Fig 1.
CSHMM-TF model structure and parameters.
The figure presents the assignments of cells and TFs to the reconstructed branching model for the process studies. Each edge (path) represents a set of infinite states parameterized by the path number and the location along the path. We use a function based on parameters learned for the split nodes (nodes at the start and end of each path) and TF assignments to define an emission probability. Emission probability for a gene along a path is a function of the location of the state and prior TFs (t and tstart) and a gene specific parameter k which controls the rate of change of its expression along the path. Split nodes are locations where paths split and are associated with a branch (transition) probability. The t_start parameter defines the TF activation time for a specific TF associated with the path. Cell assignment to paths is determined by the emission probabilities and the expression of specific TF targets for the TFs associated with the path. w is a vector of gene-specific mixture weight, where the weights are a non linear function which depends on (t and tstart). See text for more details.
Fig 2.
CSHMM-TF result for the liver dataset.
(a) CSHMM-TF structure and continuous cell assignment for the liver dataset. D nodes are split nodes and p edges are paths as shown in Fig 1. Each circle on a path represents cells assigned to a state on that path. The bigger the circle the more cells are assigned to this state. Cells are colored based on the cell type / time point assigned to them in the original paper. (b) TF assignments by CSHMM-TF for the liver dataset. We highlight known functional roles for several TFs. Path names (DE, LB etc.) are based on annotated cells assigned to that path in the figure above. Full names of cell types can be found on S1 Appendix Supporting methods of data collection and processing.
Fig 3.
CSHMM-TF result for the lung development dataset.

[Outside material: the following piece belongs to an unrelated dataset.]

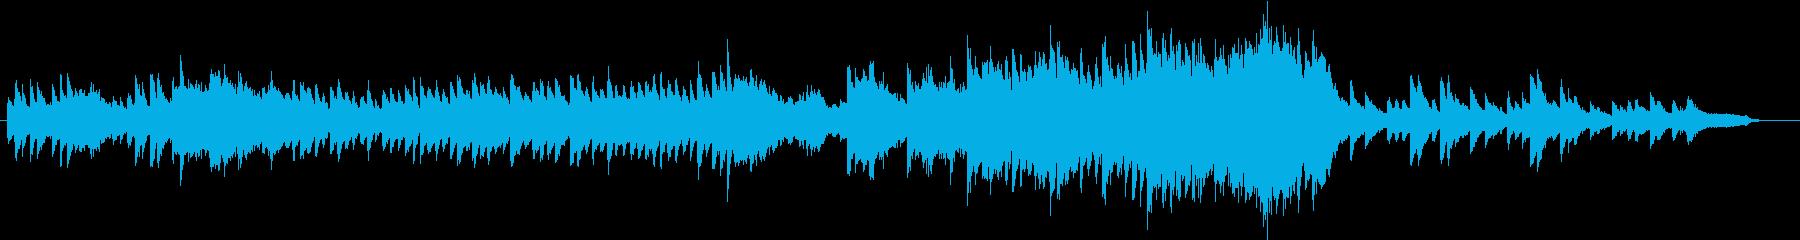 妖精・神秘的な泉・あたたかな空気・ピアノの再生済みの波形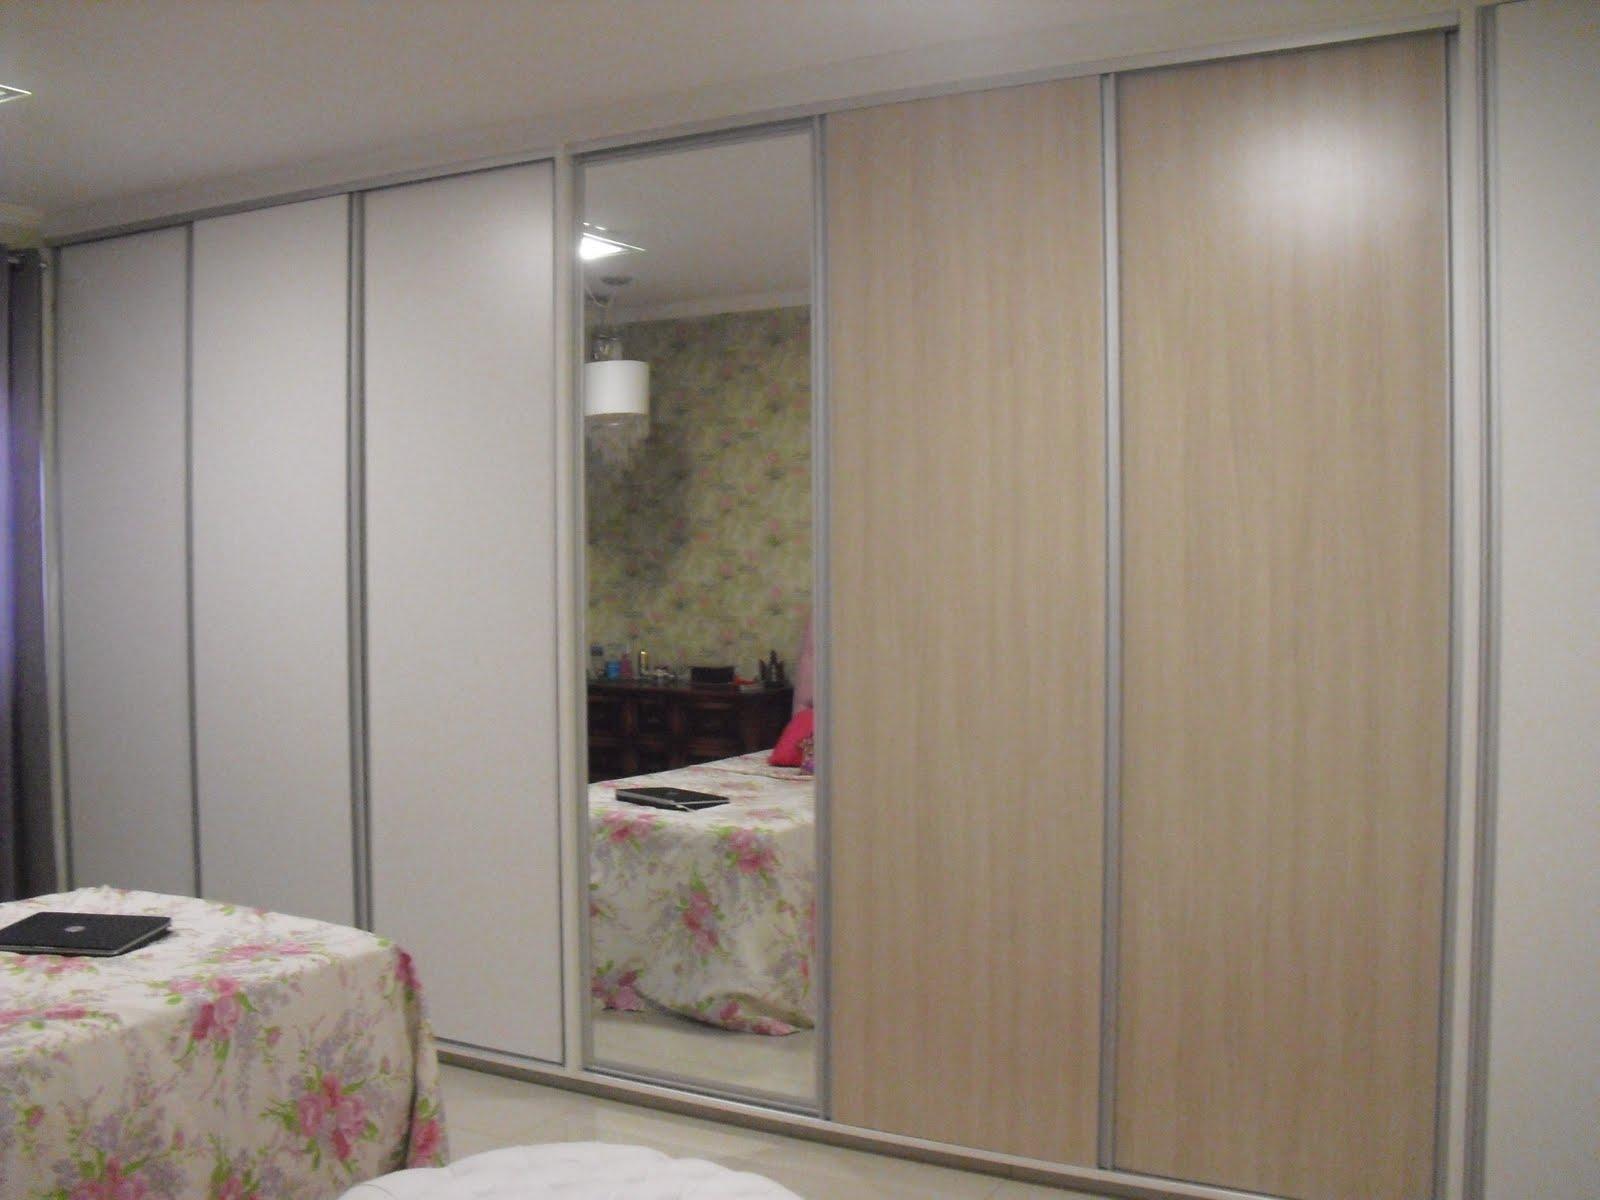 Todos os armários Dell Anno tanto no quarto como no banheiro. #6D644D 1600x1200 Armario Banheiro Retro

(a) CSHMM-TF structure and continuous cell assignment for lung development dataset. Notations are similar to the ones described in Fig 2 (b) TF assignments to each path by CSHMM-TF. We highlight known functional roles for several TFs. Path names (Ciliated, AT1 etc.) are based on annotated cells assigned to that path in the figure above.
Fig 4.
Expression profiles for top TFs assigned by the method to the lung, neuron, and liver reconstructed models.
Each figure plots the expression TFs predicted to co-regulate a specific path. Each figure legend denotes the color and the time assignment for each TF. Profiles for TFs are the MLE estimates for these TFs expression values based on learned model parameters. (a-d) co-regulating TF expressions in lung paths. (e-i) co-regulating TF expressions in neuron paths. (j-l) co-regulating TF expressions in liver paths. See text for details.
Table 1.
Analysis of predicted TF-TF interactions based on the TcoF database.
Abbreviations: total: all possible interactions in a dataset, A: all TFs assigned to each path, E: early TFs in each of the paths, L: late TFs. For each dataset we present 3 rows: number of combinations, ratio and p-value.
Table 2.
Parameters of the CSHMM-TF model: θCSHMM−TF = (V, π, S, A, E′).
Fig 5.
flow chart of how to iteratively learn CSHMM-TF.